NDBuffer
A buffer that doesn't own the underlying memory, it allows you to represent an N-Dimensional shape both statically, and dynamically at runtime
import
from DType import DType
from List import DimList
from Pointer import DTypePointer
from Buffer import NDBuffer
from Memory import memset_zero
from List import VariadicList, DimList
from Assert import assert_param
from Functional import unroll
from Index import StaticIntTuple
setup
This struct allows you to carry around the pointer that owns the data the NDBuffer is pointing to.
struct Tensor[rank: Int, shape: DimList, type: DType]:
var data: DTypePointer[type]
var buffer: NDBuffer[rank, shape, type]
fn __init__(inout self):
let size = shape.product[rank]().get()
self.data = DTypePointer[type].alloc(size)
memset_zero(self.data, size)
self.buffer = NDBuffer[rank, shape, type](self.data)
fn __del__(owned self):
self.data.free()
init
We can now create a shape statically and store data, but be careful there's no safety checks on our struct yet:
let x = Tensor[3, DimList(2, 2, 2), DType.uint8]()
x.data.simd_store(0, SIMD[DType.uint8, 8](1, 2, 3, 4, 5, 6, 7, 8))

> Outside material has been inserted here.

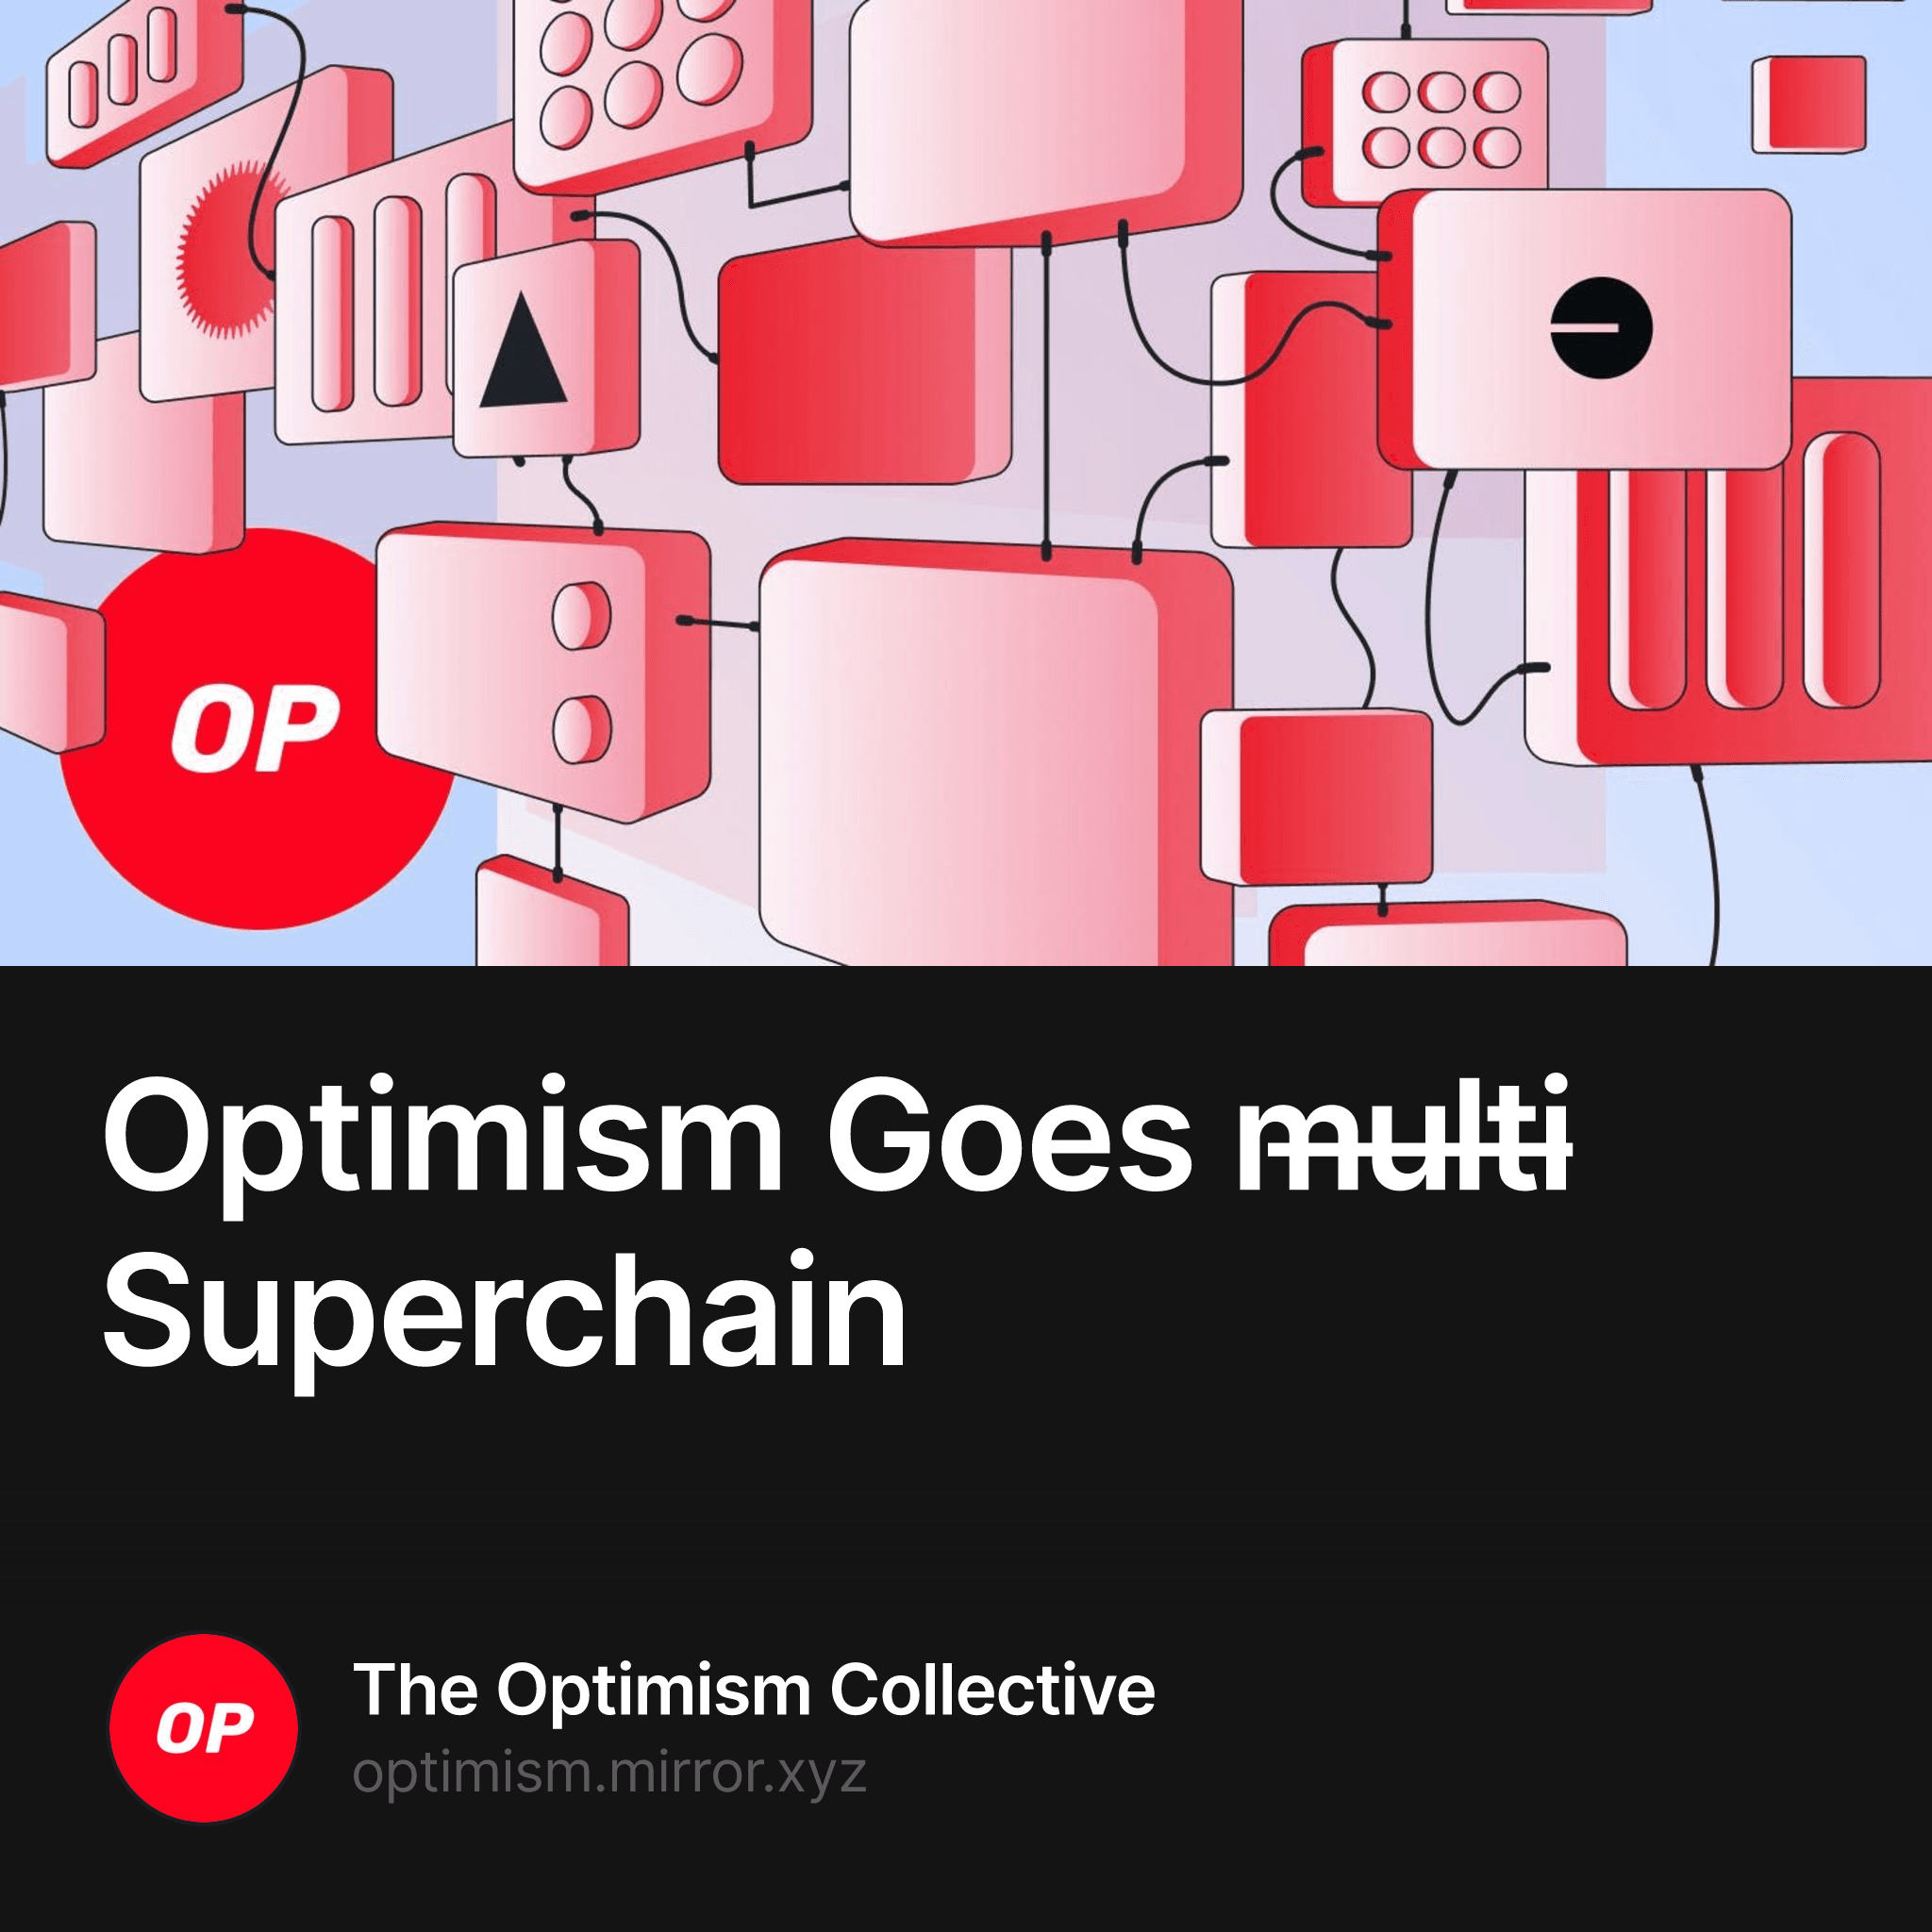 Optimism Goes m̶u̶l̶t̶i̶ Superchain 5553/10000

Let's try using the buffer now:
print(x.buffer.num_elements())
8
indexing
We can also access elements via it's 3D shape:
print(x.buffer[0, 0, 0])
1
Notice incrementing the first dimension will get the 5th item:
print(x.buffer[1, 0, 0])
5
And incrementing the 2nd dimension will increment get the 7th:
print(x.buffer[1, 1, 0])
7
To set an item we need to use a StaticIntTuple
x.buffer[StaticIntTuple[3](1, 1, 1)] = 50
print(x.buffer[1, 1, 1])
50
runtime bounds checking
There are no safety checks on our struct yet so we can access data out of bounds:
print(x.buffer[1, 1, 2])
0
This is a big safety concern so let's make our own __get__
method that enforces bounds checking:
struct Tensor[rank: Int, shape: DimList, type: DType]:
var data: DTypePointer[type]
var buffer: NDBuffer[rank, shape, type]
fn __init__(inout self):
let size = shape.product[rank]().get()
self.data = DTypePointer[type].alloc(size)

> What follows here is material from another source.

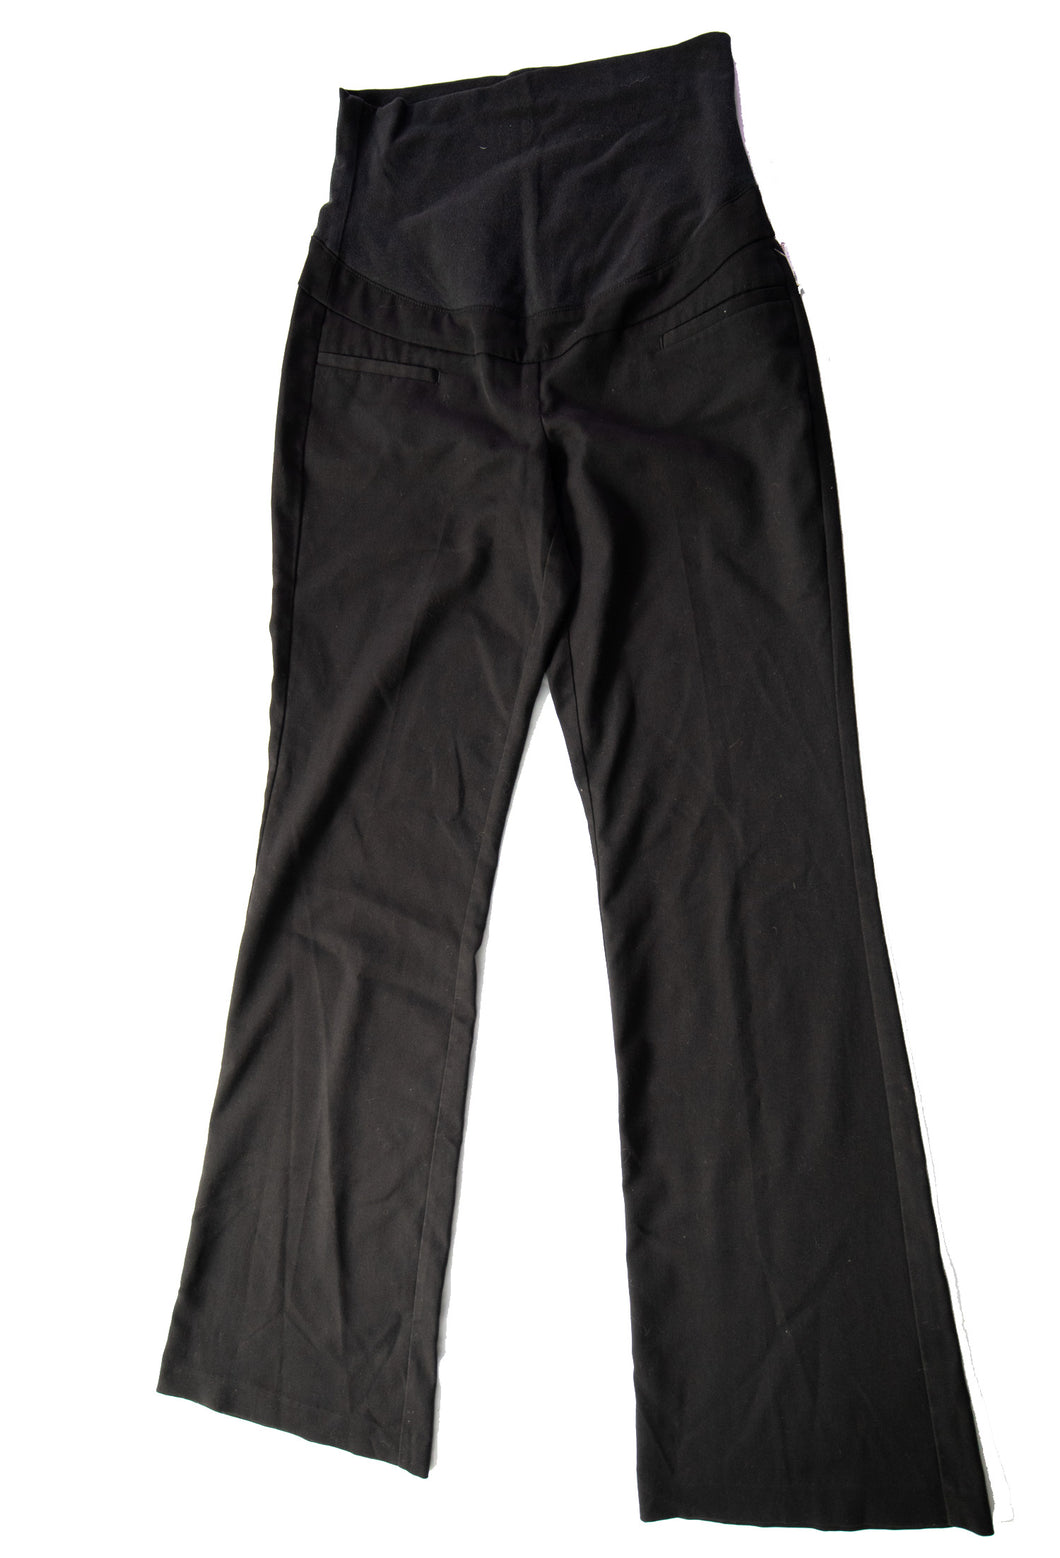 Pantalon habillé noir à jambe large XS Thyme Maternité

memset_zero(self.data, size)
self.buffer = NDBuffer[rank, shape, type](self.data)
fn __del__(owned self):
self.data.free()
fn __getitem__(self, *idx: Int) raises -> SIMD[type, 1]:
for i in range(rank):
if idx[i] >= shape.value[i].get():
raise Error("index out of bounds")
return self.buffer.simd_load[1](VariadicList[Int](idx))

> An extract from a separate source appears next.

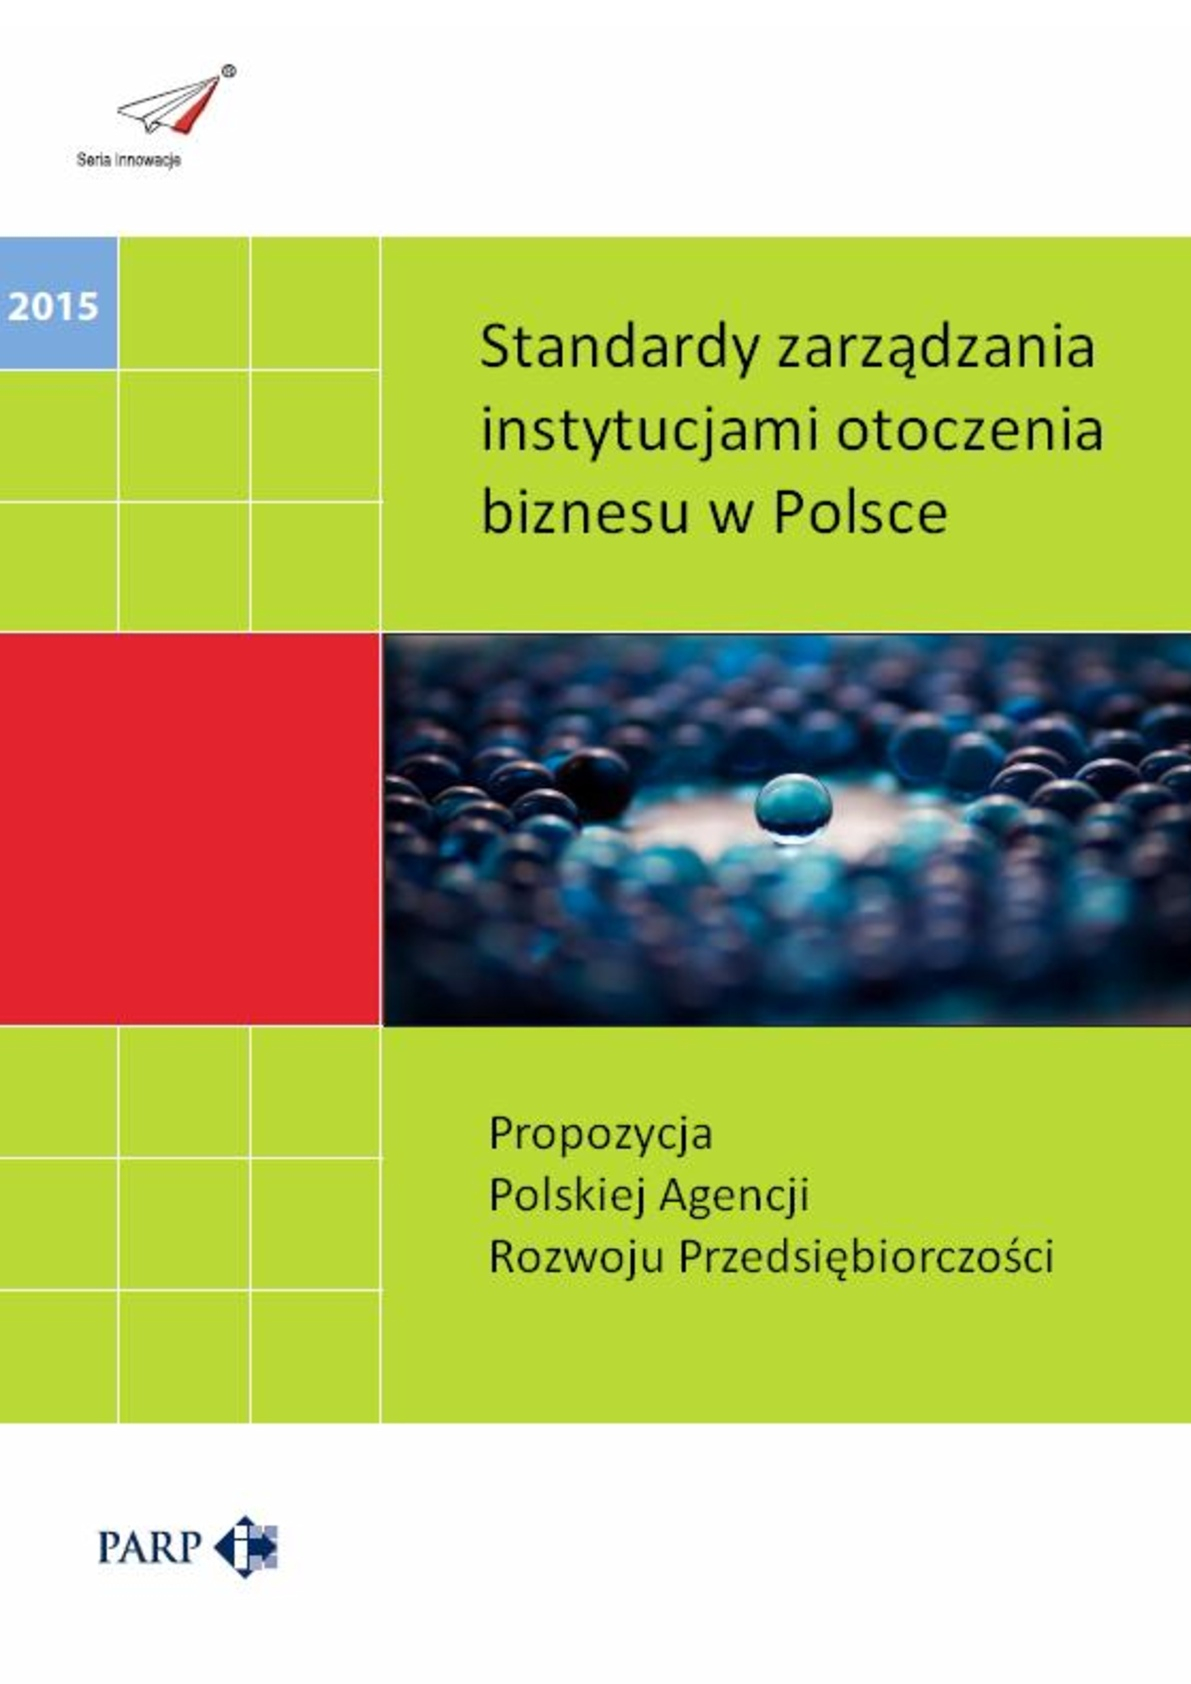 Standardy zarządzania instytucjami otoczenia biznesu w Polsce

let x = Tensor[3, DimList(2, 2, 2), DType.uint64]()
x.data.simd_store(0, SIMD[DType.uint64, 8](0, 1, 2, 3, 4, 5, 6, 7))
print(x[0, 2, 0])
Error: index out of bounds
compile time bounds checking
This bounds checking isn't optimal because it has a runtime cost, we could create a separate function that checks the shape at compile time:
struct Tensor[rank: Int, shape: DimList, type: DType]:
var data: DTypePointer[type]
var buffer: NDBuffer[rank, shape, type]
fn __init__(inout self):
let size = shape.product[rank]().get()
self.data = DTypePointer[type].alloc(size)
memset_zero(self.data, size)
self.buffer = NDBuffer[rank, shape, type](self.data)
fn get[*idx: Int](self) -> SIMD[type, 1]:
@parameter
fn check_dim[i: Int]():
assert_param[idx[i] < shape.value[i].get()]()
unroll[rank, check_dim]()
return self.buffer.simd_load[1](VariadicList[Int](idx))
*idx
is a variadic list of Int
, so you can pass in as many as you like.
get()
Creates a closure named check_dim
decorated by @parameter
so it runs at compile time, it's checking that each item in *idx
is less then the same dimension in the static shape
. unroll
is used to run it at compile-time i
amount of times.
let x = Tensor[3, DimList(2, 2, 2), DType.uint64]()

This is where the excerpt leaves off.